DiDonato is on commanding form – volleys of coloratura clean as rifle-fire, her “Pensieri” a tragic soliloquy of Shakespearean scope and weight. There’s nothing spontaneous about a performance in which every inflection and gesture has been meticulously thought and planned and honed; it’s both blessing and curse, enabling complete technical security while occasionally (“Ogni vento”) becoming over-worked.
In Fagioli and Sabata she is flanked by two contrasting voices and personalities. There are no sharp edges on Sabata’s baroque flute of a countertenor. Soft-grained and woody it makes for an exquisite “Vaghe fonti”, duetting delightfully with the two solo recorders, Emelyanychev adding trickling springs to his inventive accompaniment. Where Sabata is creamy smooth, Fagioli’s voice has an acid kick to it, a sting that projects sharp and bright. It’s an astonishing instrument – agile and with a seemingly limitless range – but not everyone will love what he does with it. Chewing each phrase in his mouth, gurning with visible effort, he turns mummy’s boy and pawn Nero into a grotesque, pleasure-seeking panto-villain. It’s supremely entertaining, but not the subtlest of takes.

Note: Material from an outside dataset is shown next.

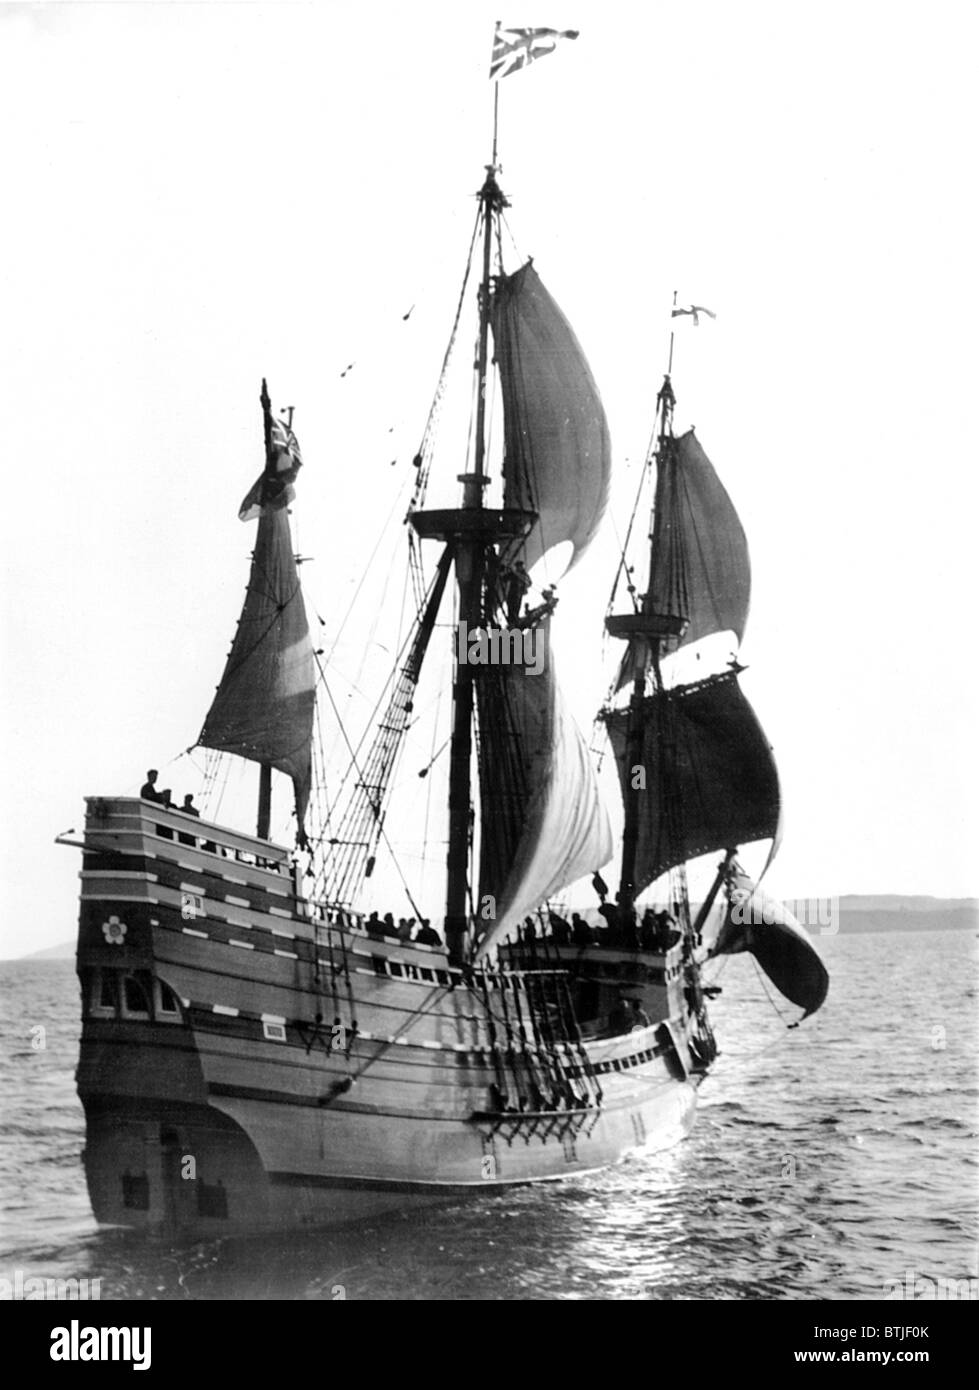 Mayflower II, Plymouth Harbor, Plymouth, England, 1957 Stockbild

Pisaroni is an anchoring presence as Claudio, generating real heat in his lustful cavatina “Vieni o cara”, and well matched in Elsa Benoit’s schemer-in-training Poppea. There’s strong comic support and a fine handful of arias from countertenor Carlo Vistoli (Narciso) and bass Andrea Mastroni (Pallante). Il Pomo d’Oro are all zesty bite and attack under Emelyanychev’s demonstrative direction – brilliantly entertaining and just slightly over the top, like everything else about this performance.